A game of bowling consists of ten frames. In each frame, the bowler will have two chances to knock down as many pins as possible with his bowling ball. In games with more than one bowler, as is common, every bowler will take his frame in a predetermined order before the next frame begins. If a bowler is able to knock down all ten pins with the first ball, he is awarded a strike. If the bowler is able to knock down all 10 pins with the two balls of a frame, it is known as a spare. Bonus points are awarded for both of these, depending on what is scored in the next 2 balls (for a strike) or 1 ball (for a spare). If the bowler knocks down all 10 pins in the tenth frame, the bowler is allowed to throw 3 balls for that frame. This allows for a potential of 12 strikes in a single game, and a maximum score of 300 points, a perfect game.


In general, one point is scored for each pin that is knocked over. So if a player bowls over three pins with the first shot, then six with the second, the player would receive a total of nine points for that frame. If a player knocks down 9 pins with the first shot, but misses with the second, the player would also score nine. When a player fails to knock down all ten pins after their second ball it is known as an open frame.

In the event that all ten pins are knocked over by a player in a single frame, bonuses are awarded.

A ten-pin bowling scoresheet showing how a strike is scored.
  • strike: When all ten pins are knocked down with the first ball (called a strike and typically rendered as an “X” on a scoresheet), a player is awarded ten points, plus a bonus of whatever is scored with the next two balls.
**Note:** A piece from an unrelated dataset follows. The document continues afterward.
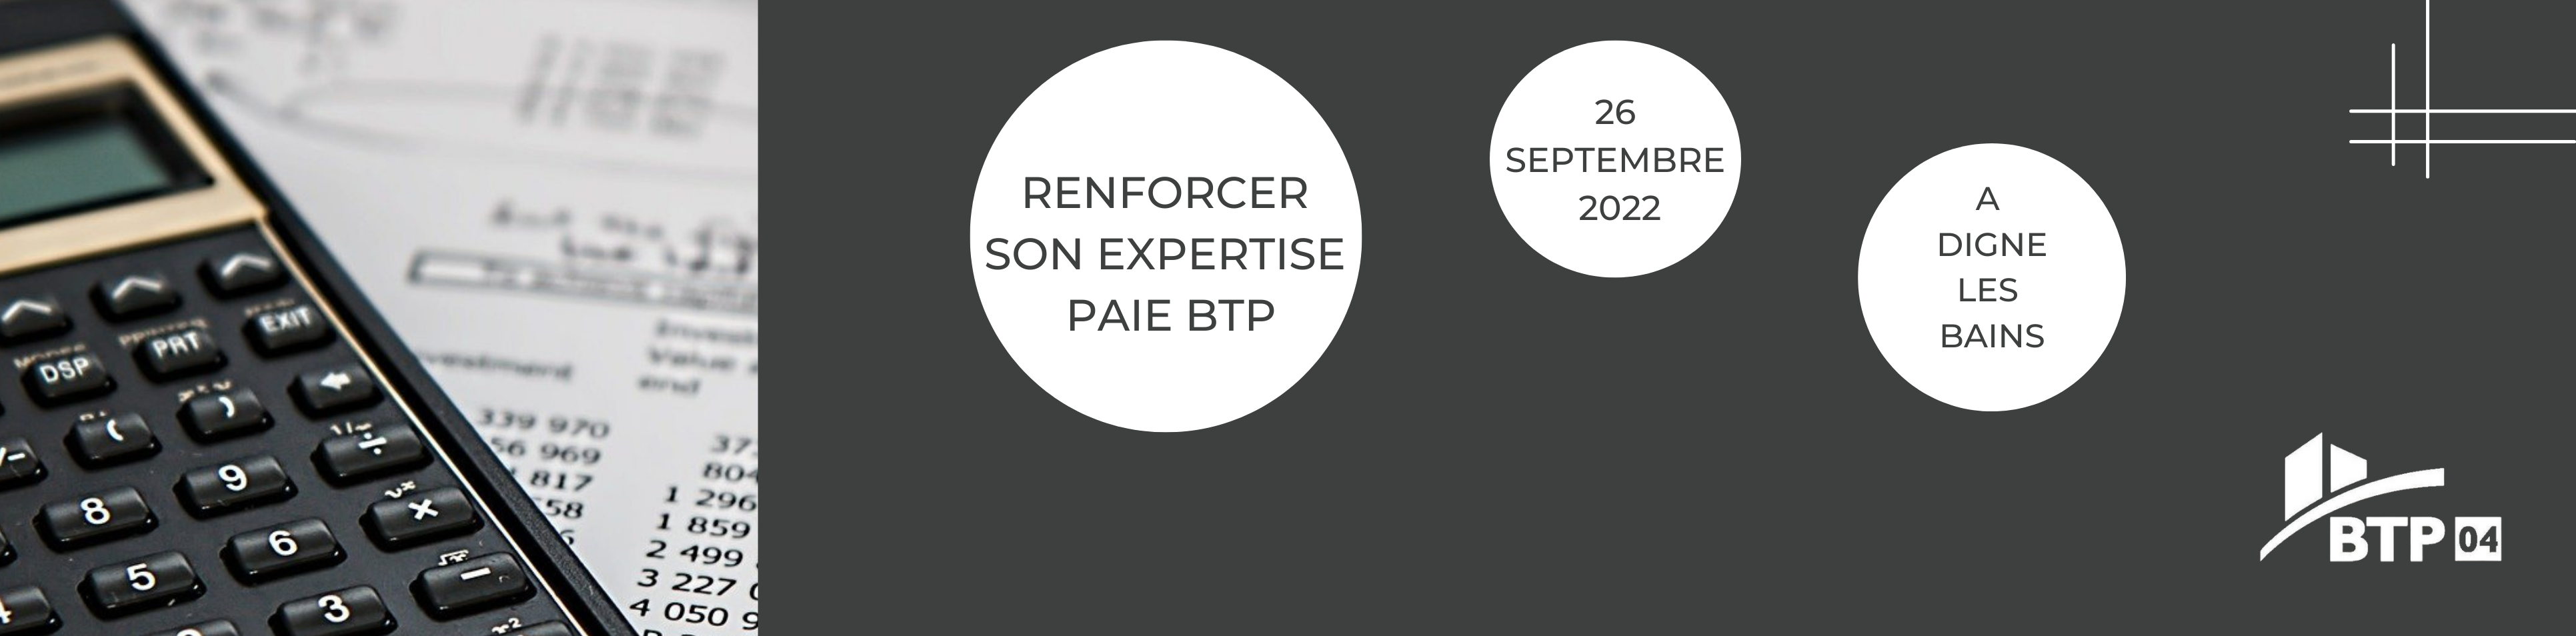 expertise-paie-btp-26-09-2022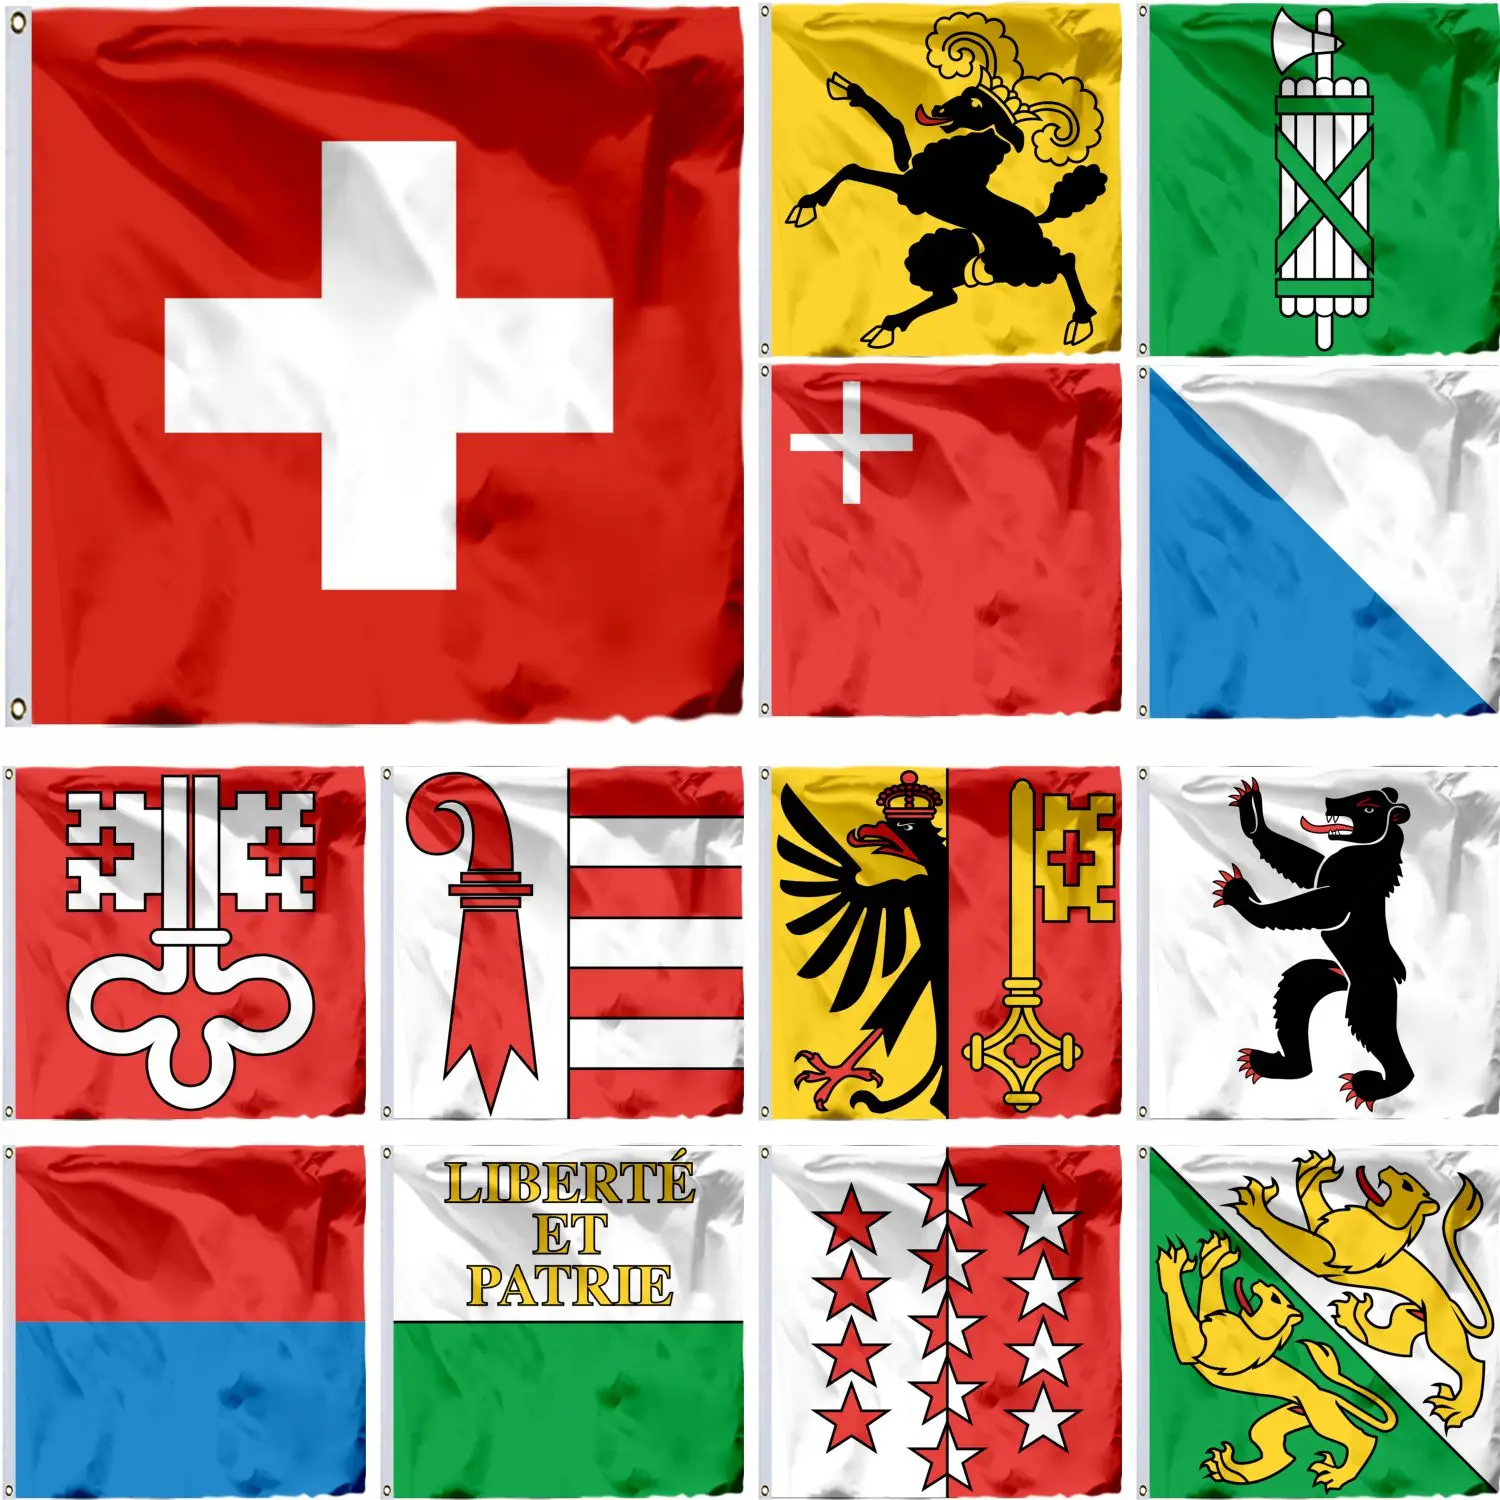 Appenzell Innerrhoden Hissflagge 120 x 120 cm Flagge Fahne Schweiz

In this way, the points scored for the two balls after the strike are counted twice.
Frame 1, ball 1: 10 pins (strike)
Frame 2, ball 1: 3 pins
Frame 2, ball 2: 6 pins
The total score from these throws is:
  • Frame one: 10 + (3 + 6) = 19
  • Frame two: 3 + 6 = 9
TOTAL = 28

Two consecutive strikes are referred to as a “double.” (image unavailable)

A double's pinfall is:

Frame 1, ball 1: 10 pins (Strike)
Frame 2, ball 1: 10 pins (Strike)
Frame 3, ball 1: 9 pins
Frame 3, ball 2: 0 pins (recorded as a dash '-' on the scoresheet)
The total score from these throws is:
Frame one: 10 + (10 + 9) = 29
Frame two: 10 + (9 + 0) = 19
Frame three: 9 + 0 = 9
TOTAL = 57

Three strikes bowled consecutively are known as a “turkey” or “triple.” (image unavailable)

A triple's pinfall is:

Frame 1, ball 1: 10 pins (Strike)
Frame 2, ball 1: 10 pins (Strike)
Frame 3, ball 1: 10 pins (Strike)
Frame 4, ball 1: 0 pins (Gutterball)
Frame 4, ball 2: 9 pins
The total score from these throws is:
Frame one: 10 + (10 + 10) = 30
Frame two: 10 + (10 + 0) = 20
Frame three: 10 + (0 + 9) = 19
Frame four: 0 + 9 = 9
TOTAL = 78

Any longer string of strikes is referred to by a number attached to the word “bagger,” as in “four-bagger” or “five-bagger” for four or five consecutive strikes. Recently, the event of bowling four consecutive strikes has also been called a “sombrero” or “ham bone.” This terminology is used most often when a bowler is “off the strikes.” (i.e. has previously bowled a string of several strikes but failed to strike on his most recent ball.) When a player is “on the strikes,” a string is often referenced by affixing “in a row” to the number of strikes bowled consecutively. Six strikes in a row are sometimes referred to as a “six pack.” Six strikes and nine strikes in a row can also be referred to “Wild Turkeys” and “Golden Turkeys” respectively. Any string of strikes starting in the first frame or ending “off the sheet” (where all of a bowler’s shots from a certain frame to the end of the game strike) are often referred to as the “front” or “back” strikes, respectively (e.g. the “front nine” for strikes in frames 1-9, or the “back six” for strikes in frames 7, 8, and 9 with a turkey in the tenth). A “Perfect Game” or 12 strikes in a row is also colloquially referred to as the “Thanksgiving Turkey.”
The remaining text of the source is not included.